[Opening Material supplied section]

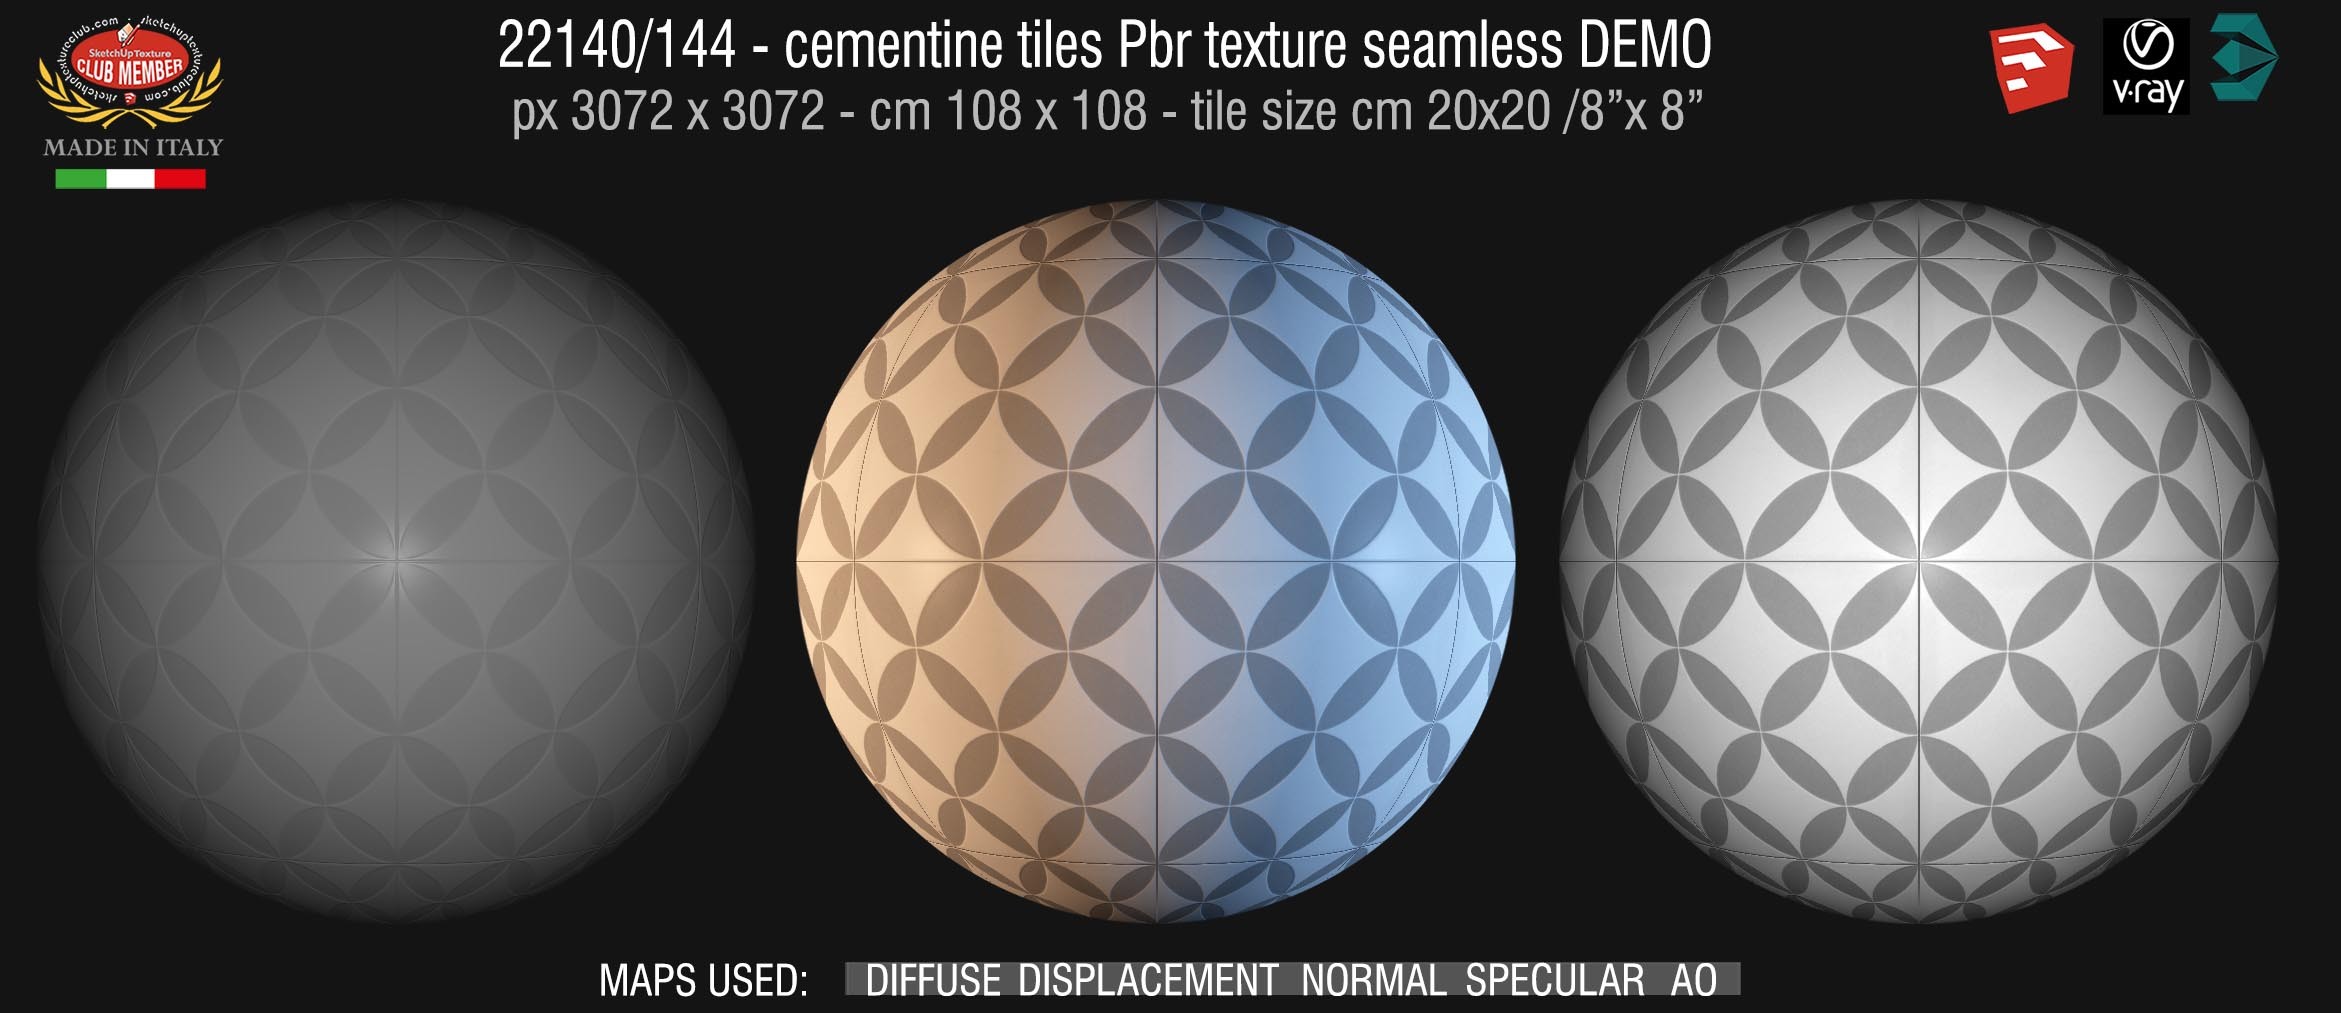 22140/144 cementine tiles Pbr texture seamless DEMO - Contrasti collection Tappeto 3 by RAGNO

[Closing Material supplied section]
[Opening Material supplied section]

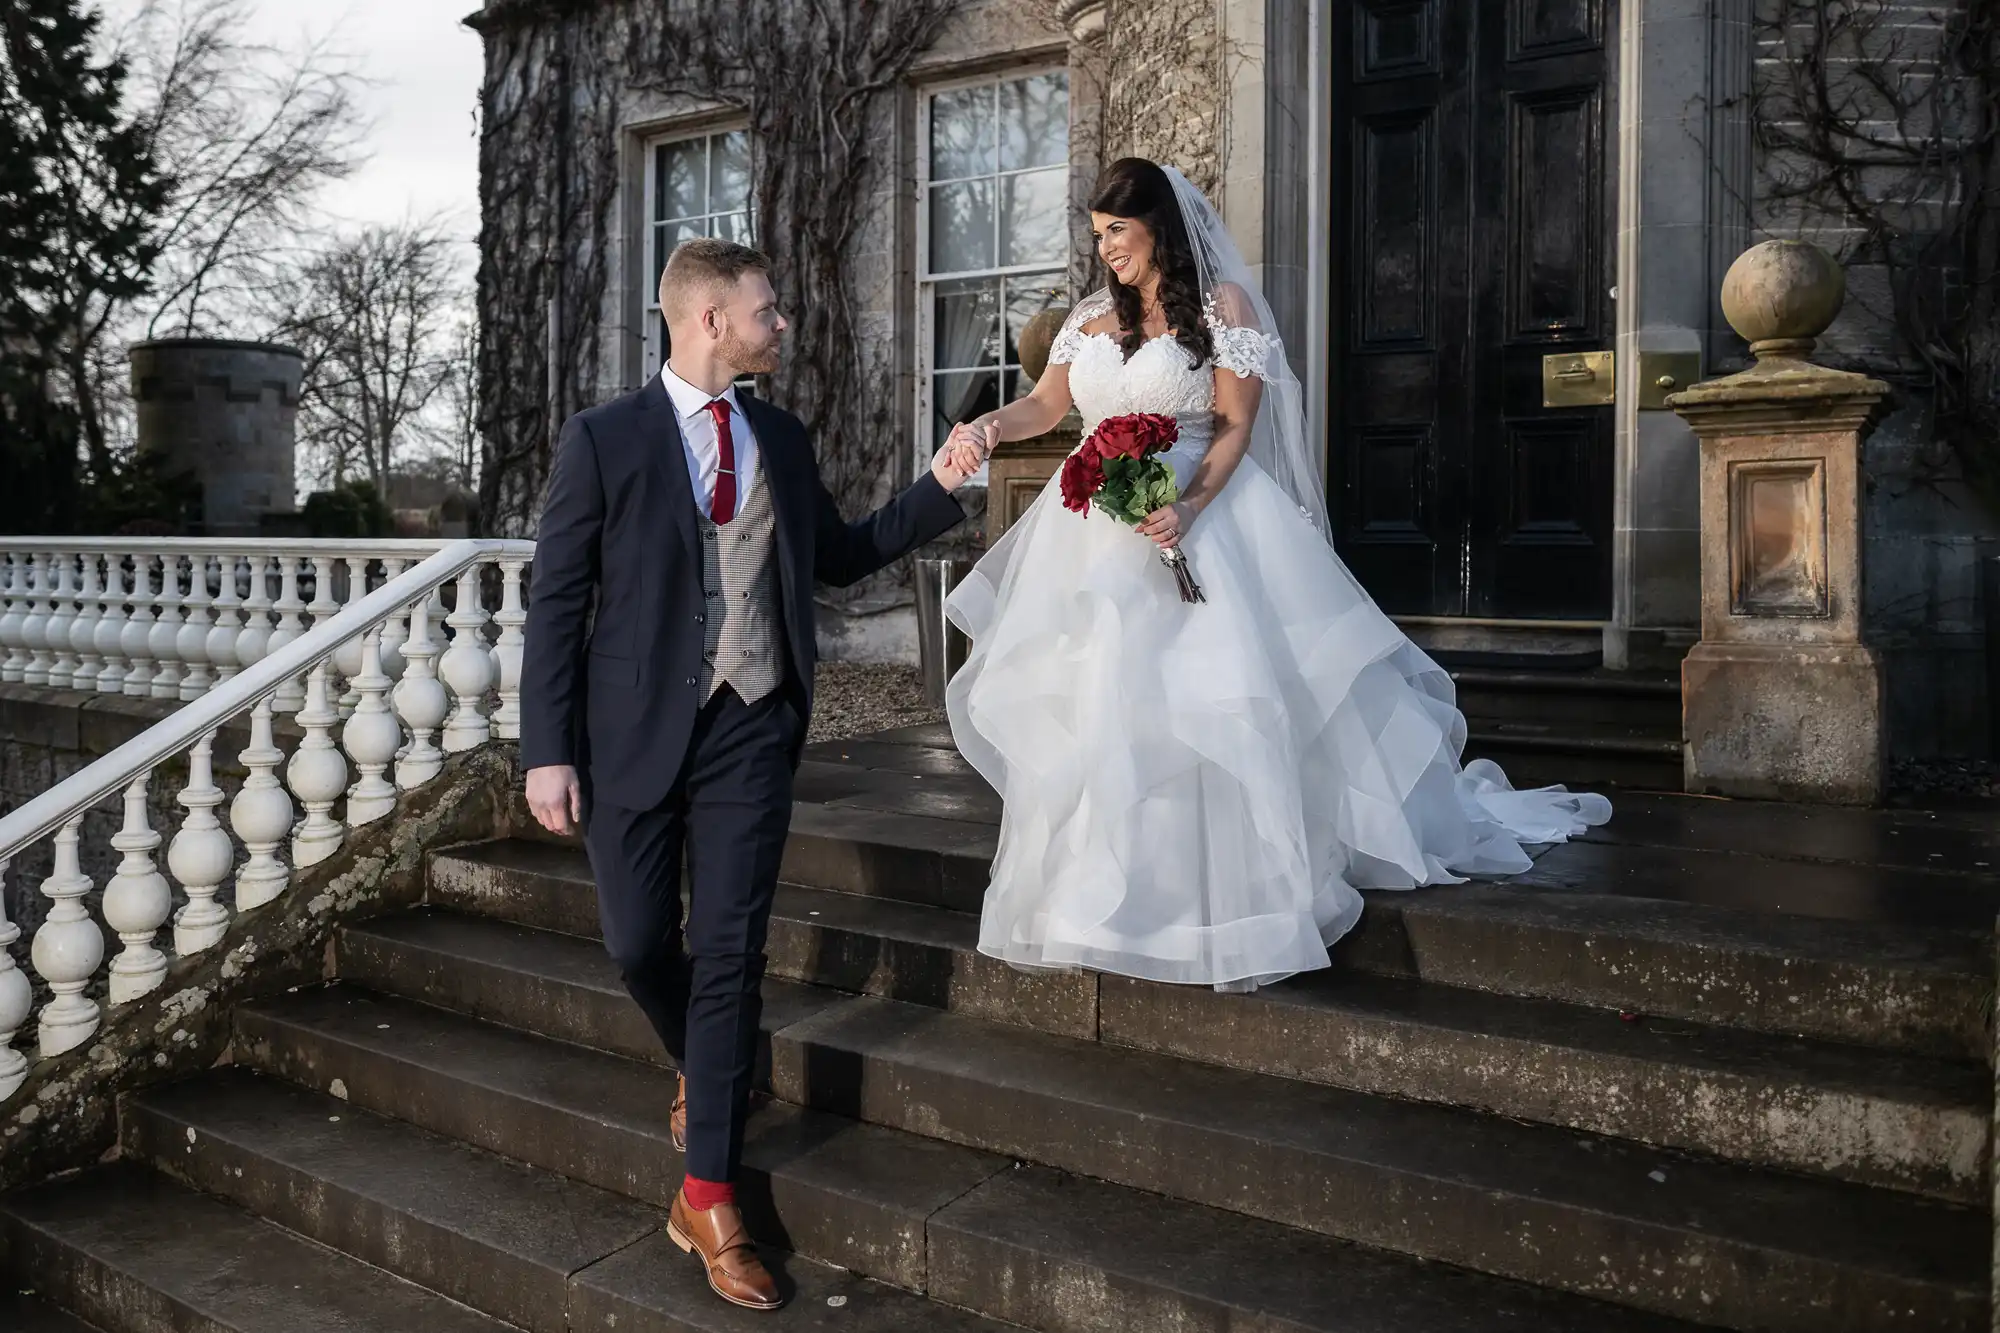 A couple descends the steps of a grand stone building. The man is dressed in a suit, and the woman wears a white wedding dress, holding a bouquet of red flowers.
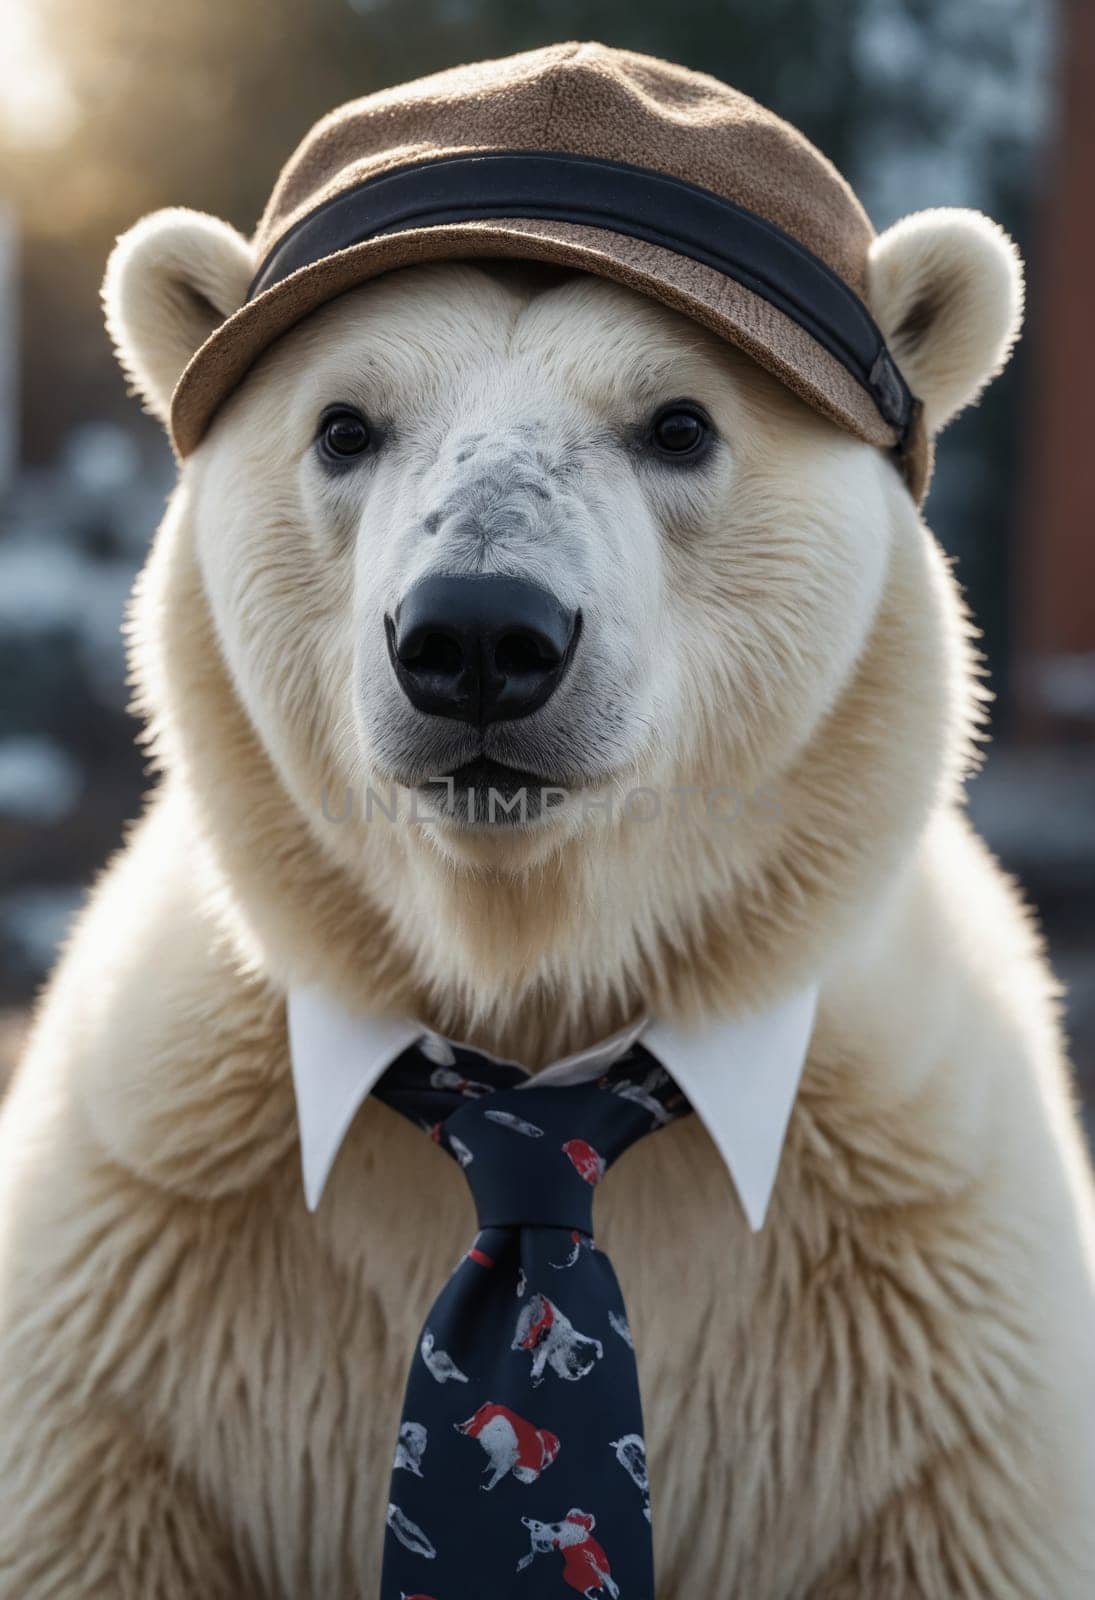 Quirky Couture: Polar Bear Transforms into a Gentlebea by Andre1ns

[Closing Material supplied section]

**What to produce**
Starting at the line with "A couple descends" in the entries above, write out every line exactly until the line with "Quirky Couture: Polar" has been written. Include no pictures and nothing more.

**The answer**
 A couple descends the steps of a grand stone building. The man is dressed in a suit, and the woman wears a white wedding dress, holding a bouquet of red flowers.
 Quirky Couture: Polar Bear Transforms into a Gentlebea by Andre1ns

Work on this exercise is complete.